▶ **Problem**: Only the lines from the line containing "celine yellow handbag" to the end of the material belong in the copy; set them down exactly, without pictures.
======== Data
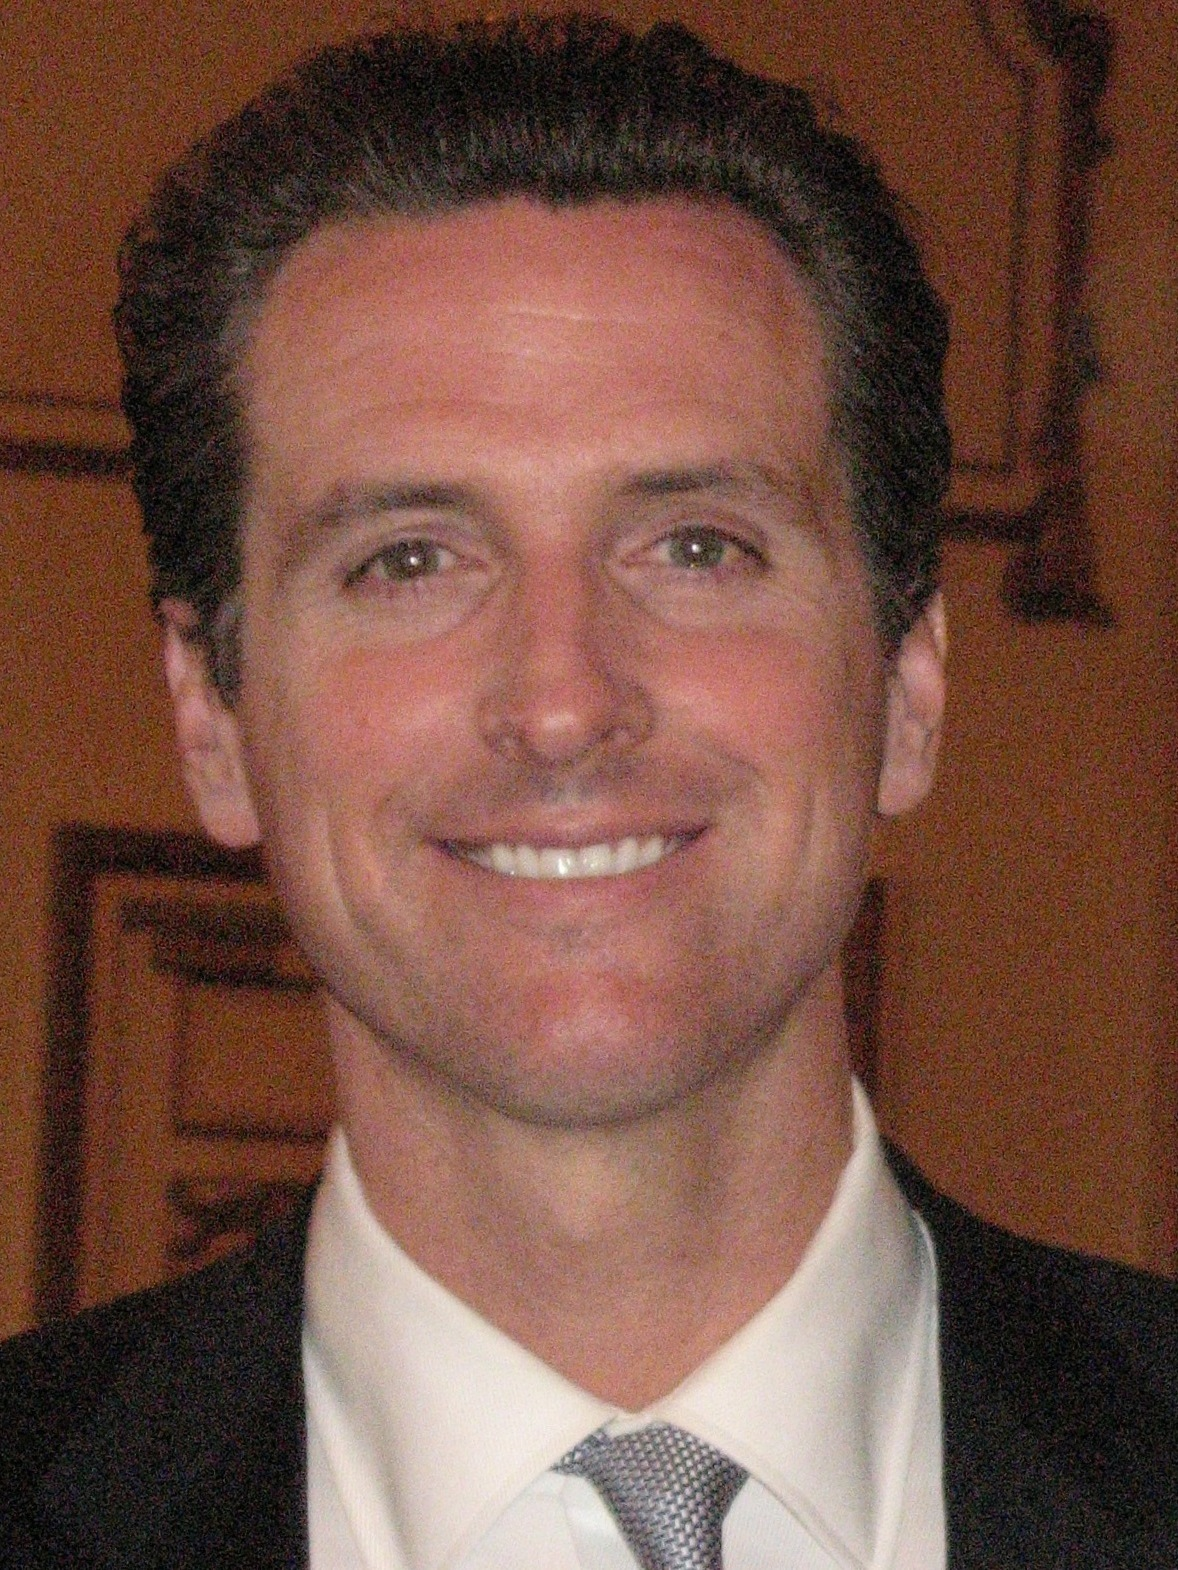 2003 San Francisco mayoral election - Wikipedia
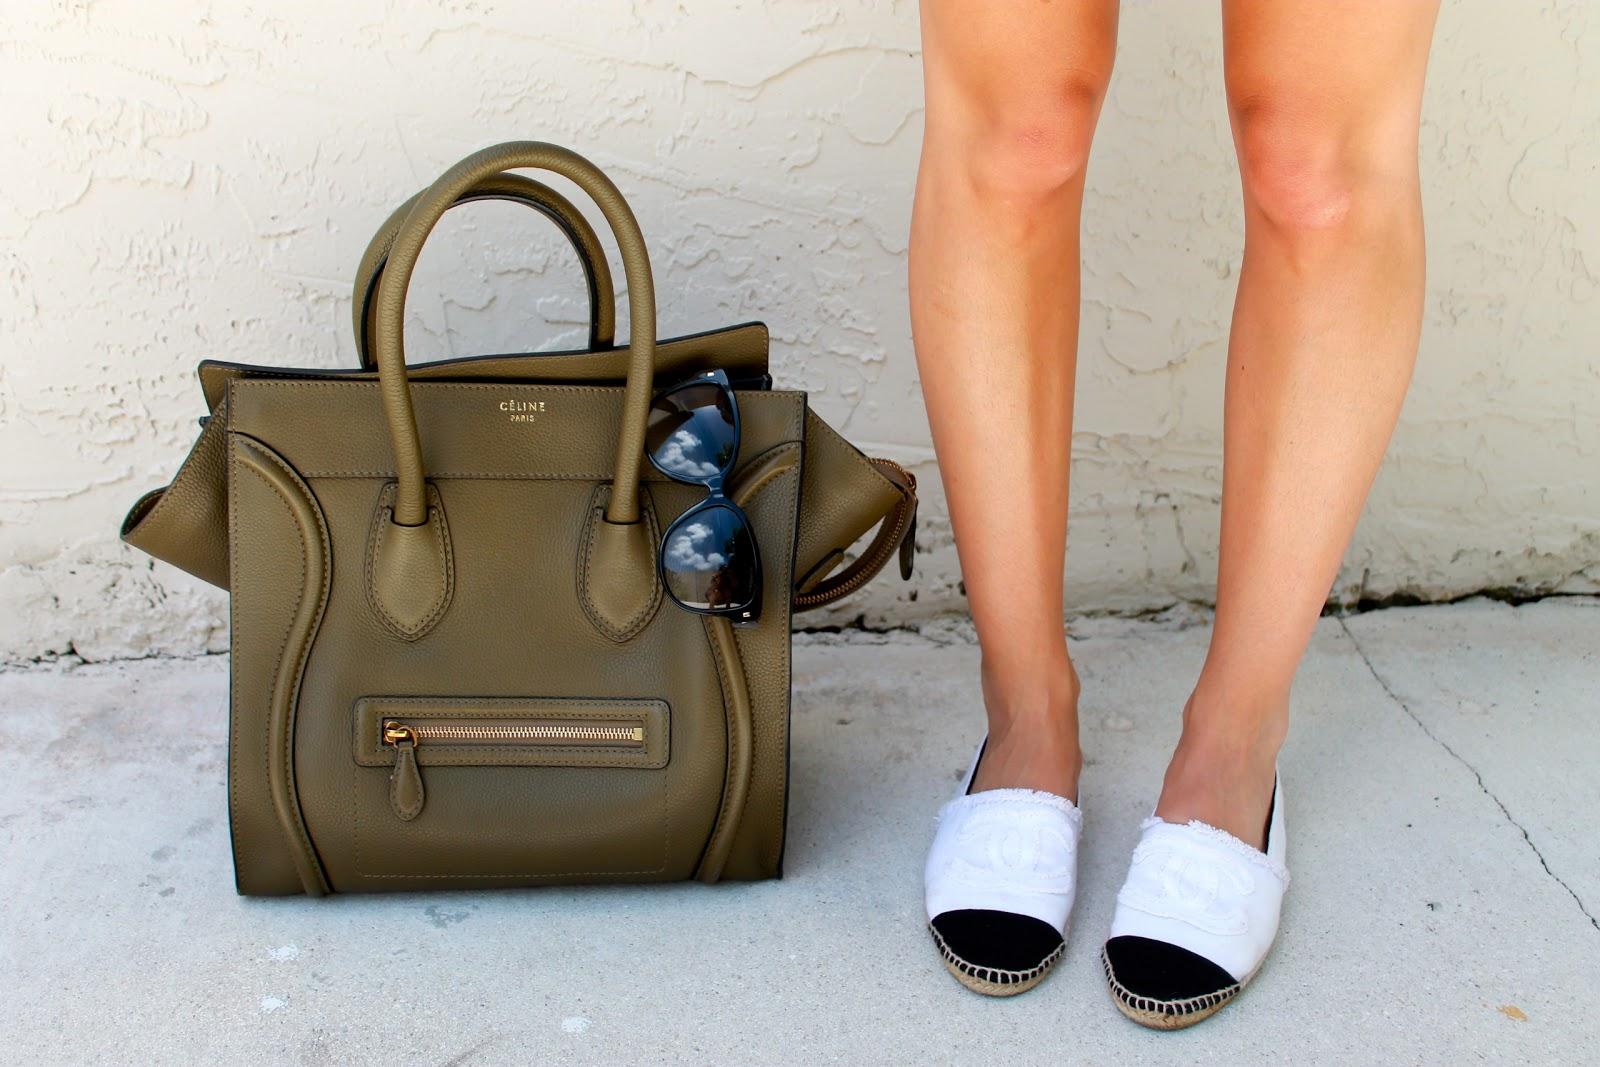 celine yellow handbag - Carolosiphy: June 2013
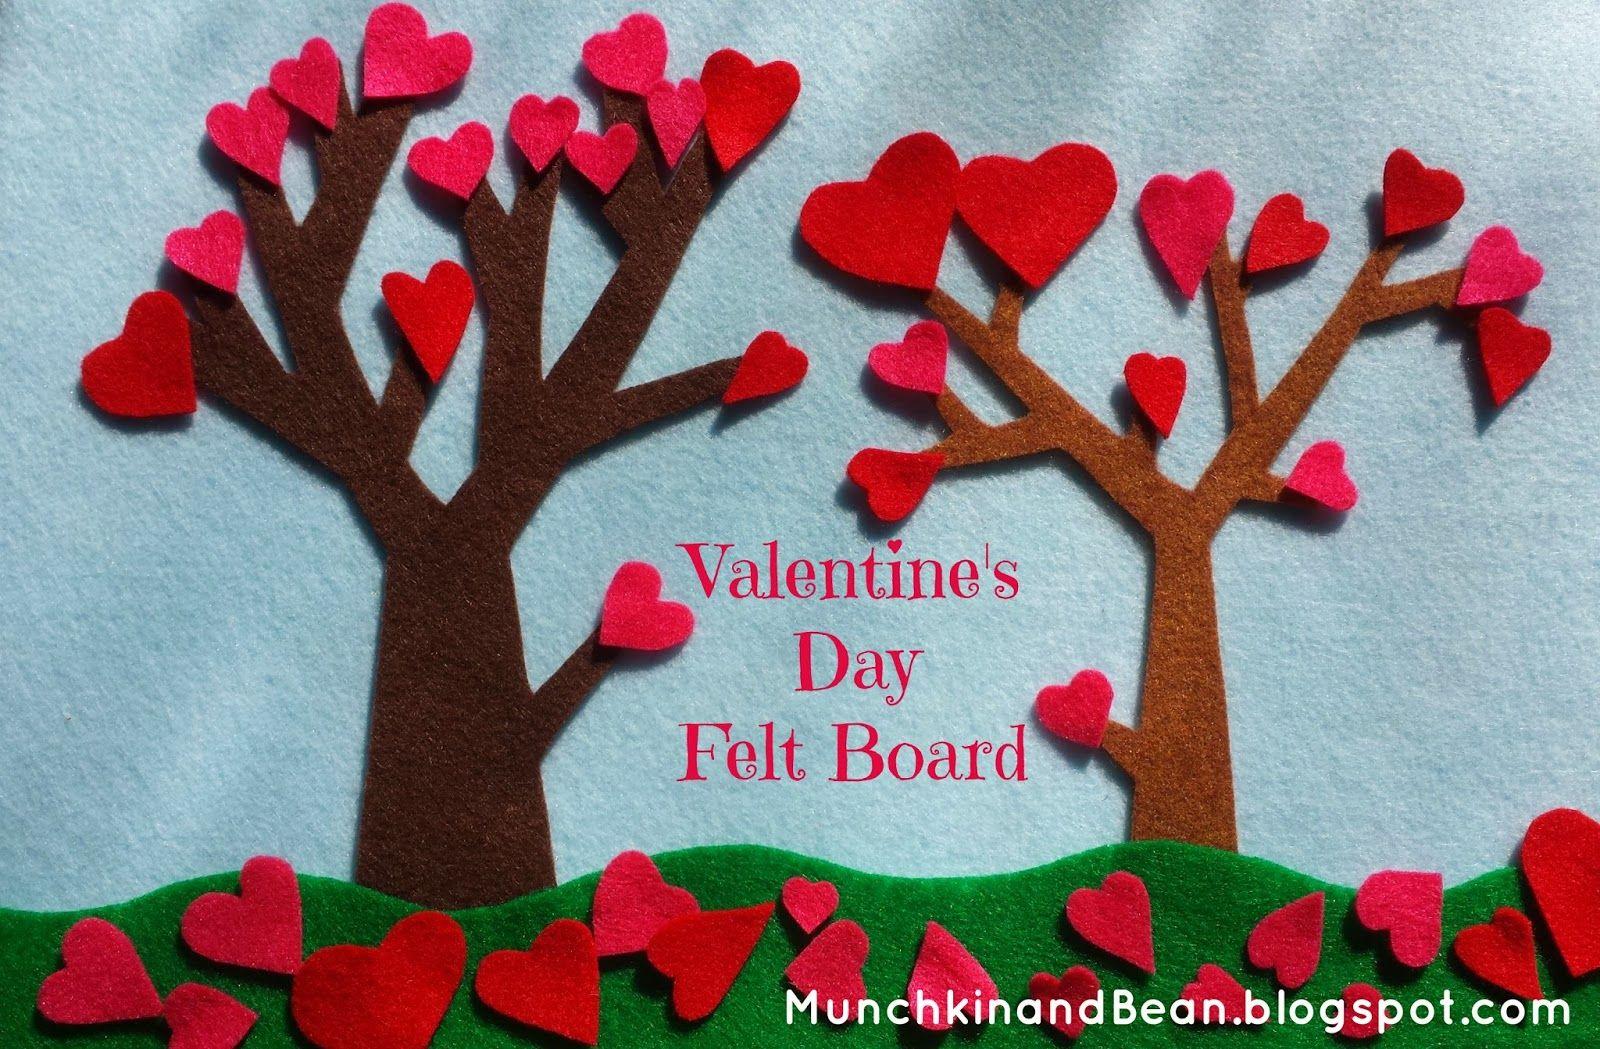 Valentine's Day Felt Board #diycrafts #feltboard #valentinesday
================
▶ **Result of this task**:
 celine yellow handbag - Carolosiphy: June 2013
 Valentine's Day Felt Board #diycrafts #feltboard #valentinesday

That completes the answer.